On Friday evening, I did something that I’ve never done before. I went to the Canadian ambassador’s place for an informal gathering of expatriates and Africans. Apparently they have these little get-togethers once a month here in Ouaga, providing people like me with an opportunity to touch base with fellow Canadians and other invited guests. However, this is the first time that I’ve received an invitation to attend. Kathy would have come with me, but she had another function to attend that evening.

The Canadian ambassador’s residence is in a ritzy new area of Ouagadougou called Ouaga 2000. There was a map attached to the e-mail invitation, but I ended up finding the place more by accident than design, driving around where I thought it appeared to be on the map (road signage leaves something to be desired here). After some time of doing this, I finally pulled up at a place that had a few vehicles parked out front and security guards at the gate. “Where’s the Canadian ambassador’s place?” I asked one of them. “This is it,” he replied. How often does that happen, eh? :)
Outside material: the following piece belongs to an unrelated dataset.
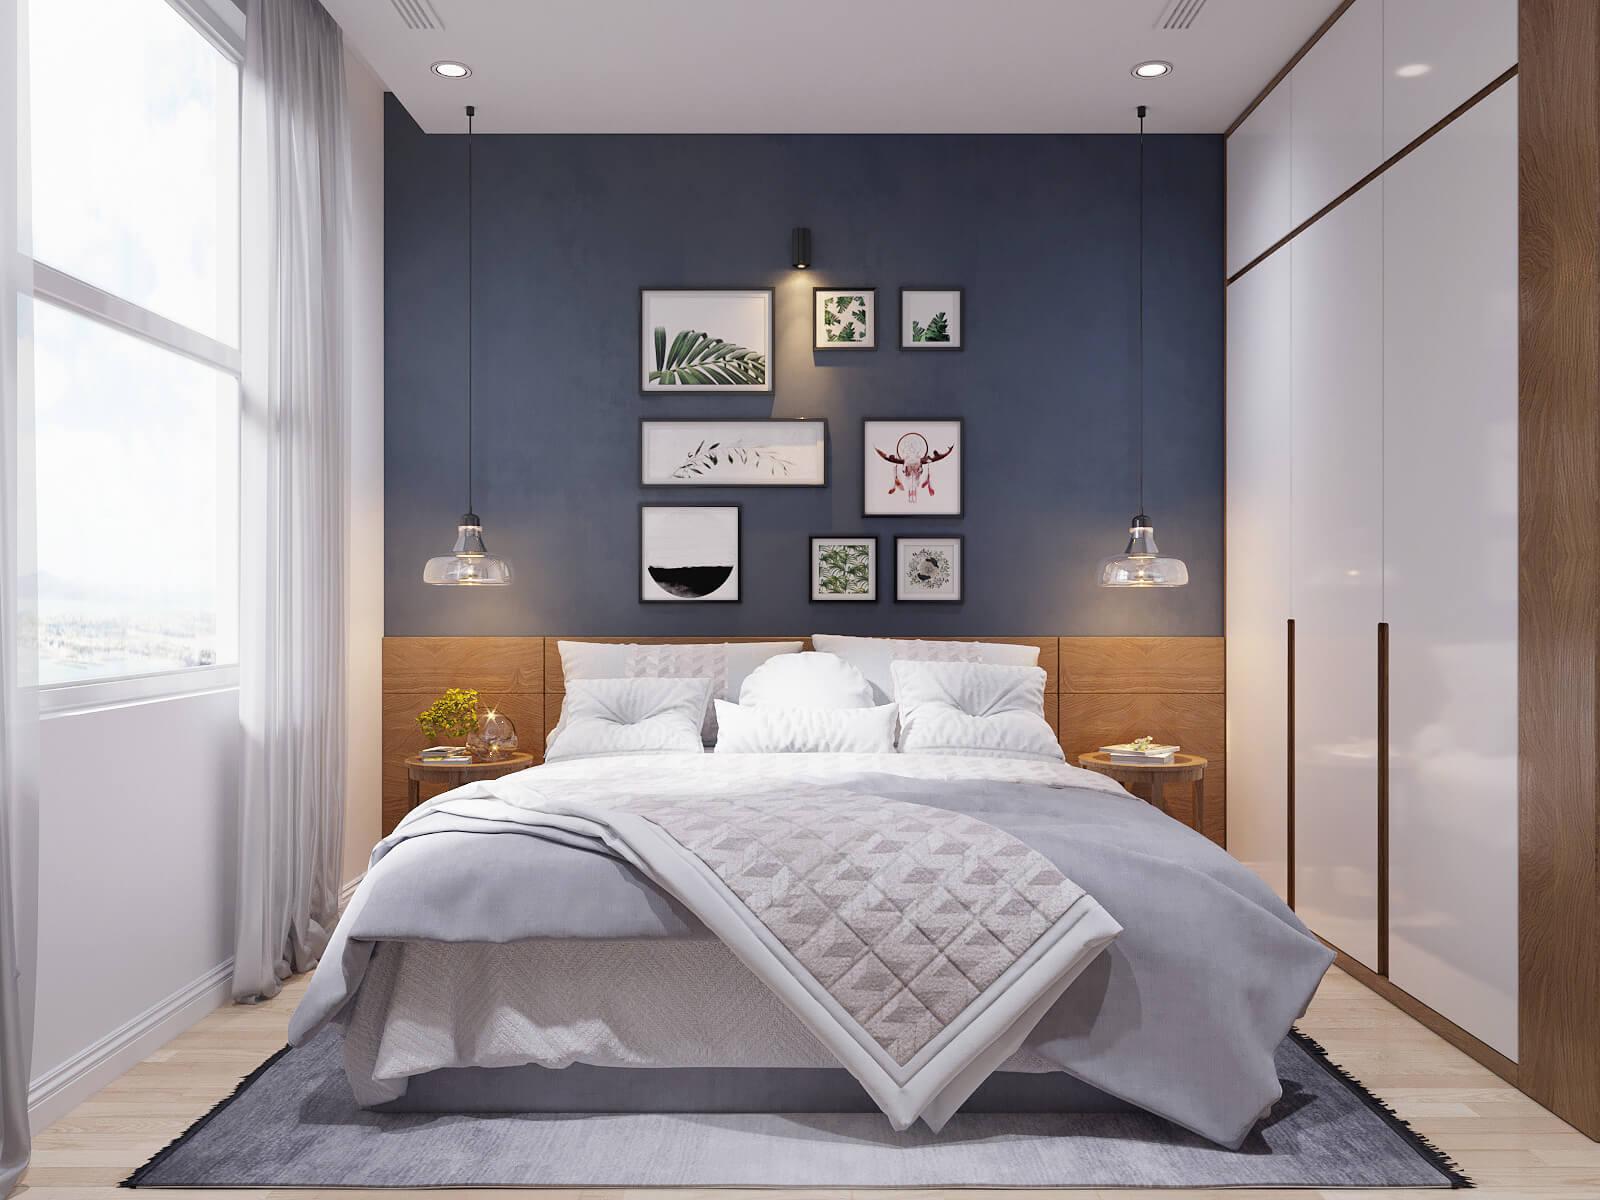 mẫu thiết kế nội thất chung cư scandinavia 6

Within minutes, I was inside the courtyard and made my way around to the back yard with its lawn and swimming pool. I purchased a booklet of tickets that would enable me to get drinks and food (hamburgers and shish-kebabs were on the menu that evening) and soon found myself talking to none other than the ambassador himself. I always find it interesting that here in Burkina, we can talk to diplomats and other highly placed people that we normally couldn’t get to within half a mile of back in Canada!

As I was getting my shish-kebab, I noticed a gentleman beside me struggling to understand what the lady behind the serving table was saying to him in French. Seeking to be helpful, I translated for him and a few moments later discovered that I was talking with the Australian High Commissioner for this part of Africa. He was up from Accra for a meeting with the president of Burkina that day. We ended up having a good little chat since he was familiar with the work of SIL in Australia.

I spent most of the rest of the evening talking with several folks from Quebec. It was a touch of home to hear that québécois accent again. Then it was time to go back to our humble hovel in one of the lower class suburbs of Ouaga. It might not be a big, fancy place, but it’s home sweet home to me.